The point is, at each stage, we can assign what we might like to call a prior probability on what the batter is going to do in a given at-bat, and then when new information comes in, we update that probability. More to the point of this article, the pitcher is making good pitches if he is driving this expected OPS down.

Let’s now fix the parameters of a pitch. We have the handedness of the batter and the pitcher, the type of pitch thrown, and where the pitch ended up. The first two are known to the pitcher and he can control (to some extent) the last two. How do we determine if it was a good pitch? Here are the basic parameters of what I’m proposing:

  1. Take the expected OPS of the situation before the pitch (prior expected OPS)
  2. Determine the probability p_i of the possible outcomes of the pitch
  3. Determine the expected OPS o_i of the batter given each possible outcome
  4. Take the sum over p_i * o_i for all i, and call it the updated (posterior expected) OPS.
  5. Assign to the pitch a value equal to the prior expected OPS minus the posterior expected OPS.

This might sound complicated, so let’s take an example.
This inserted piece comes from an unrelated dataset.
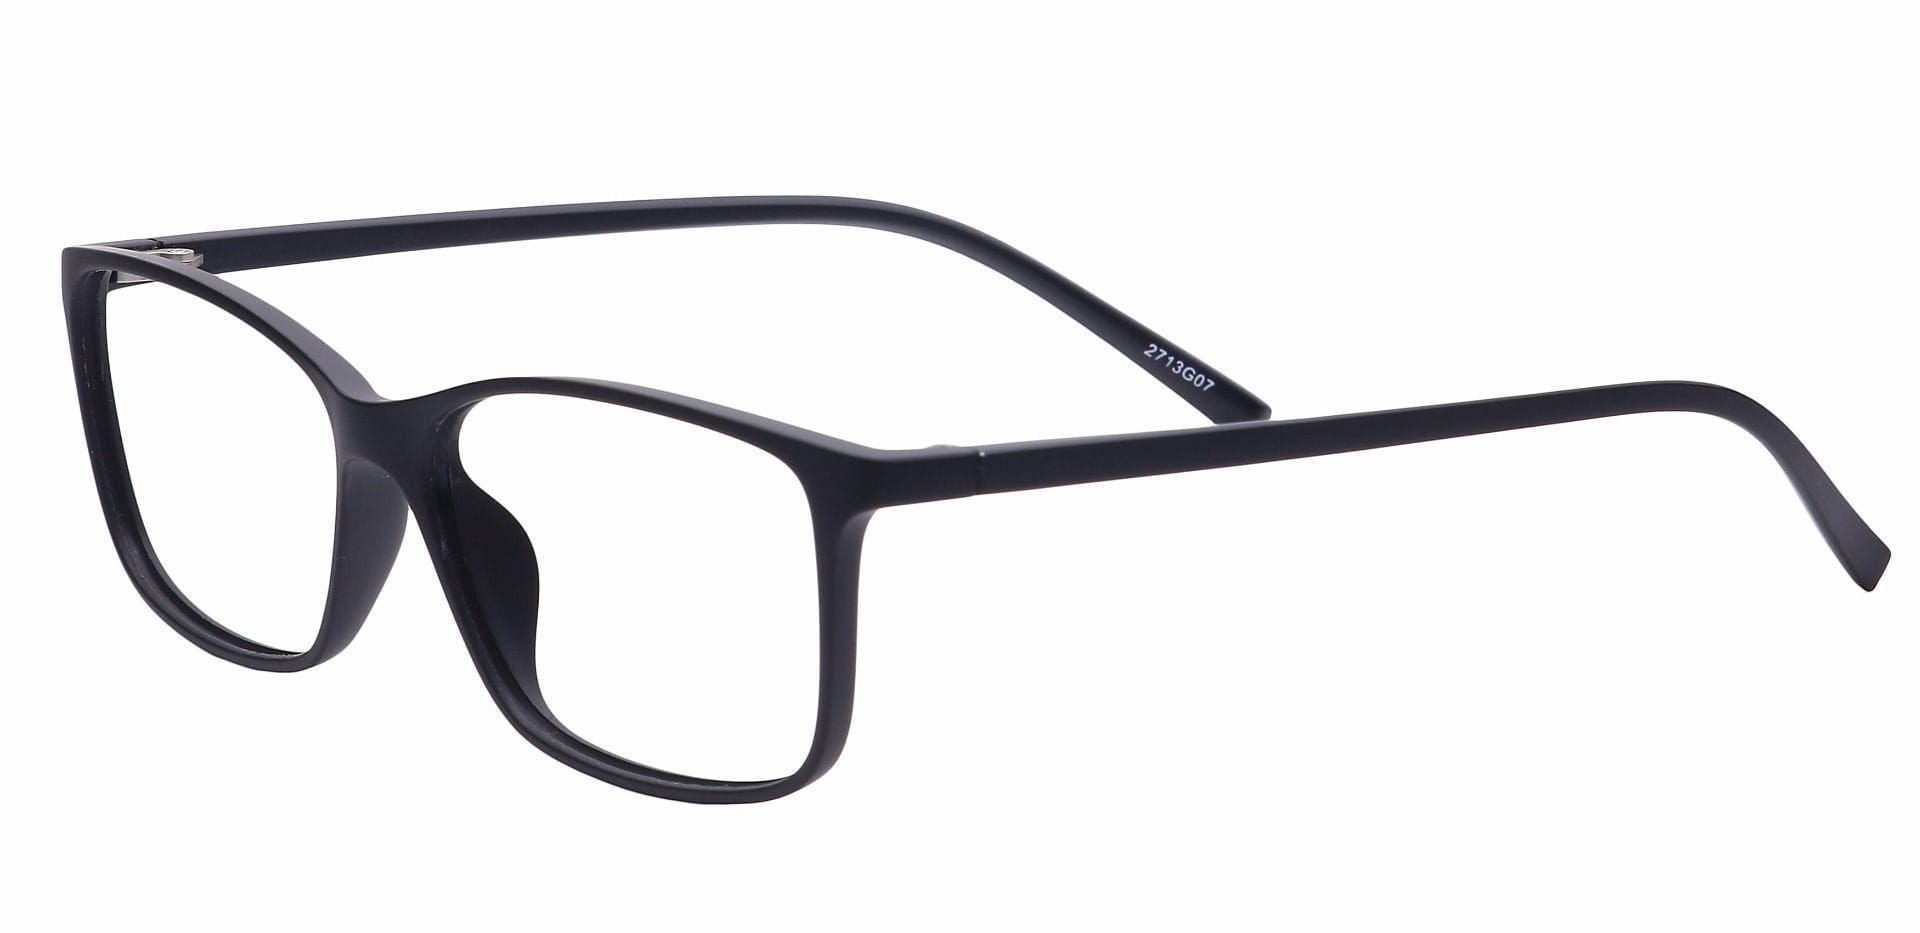 Pure Rectangle Progressive Glasses - Black

Suppose we have a righty pitcher and a righty hitter, and a 0-0 count. Let’s assign the hitter the .700 prior OPS from above (again, the actual number will be different once we actually run the numbers). Now let’s say the pitch was a fastball more or less right down the middle. For this pitch and any other, there are basically five possible outcomes — assume for this pitch we have calculated their probabilities as follows:

  • Called or swinging strike: 40%
  • Ball in play: 30%
  • Foul ball: 20%
  • Ball: 10%
  • HBP: 0%

If the pitch is a strike (or fouled off) the batter will be in a 0-1 count, meaning the expected OPS will be .650 by the approximation above. If it’s a ball the count will be 0-1, raising the expected OPS to .720. If the ball is in play — I haven’t gone over this case yet, but we should be able to calculate the expected OPS of this particular ball in play from historical data — let’s say the expected OPS is .900. This would result in a posterior expected OPS of

0.4 * .650 + 0.3 * .900 + 0.2 * .650 + 0.1 * .720 = 0.732

Since the posterior expected OPS is greater than the prior OPS, this was not a particularly good pitch, and it gets a value of 0.700 – 0.732 = -0.032.

All right, this is the framework of what I am proposing.  As written above, I don’t even think it would take too long to run these numbers and to start quantifying good and bad pitches.  But before I do, I need to ask some questions to the sages here at FanGraphs, such as:

  1. Has this already been done?
  2. Is this even worth doing?
  3. OPS is not the best stat for doing this with.  Something along the lines of linear weights would be better.  Suggestions?
  4. What should I consider when making these models?
  5. Is anyone interested in helping with R coding or Pitch/FX data for this?

Thanks for reading.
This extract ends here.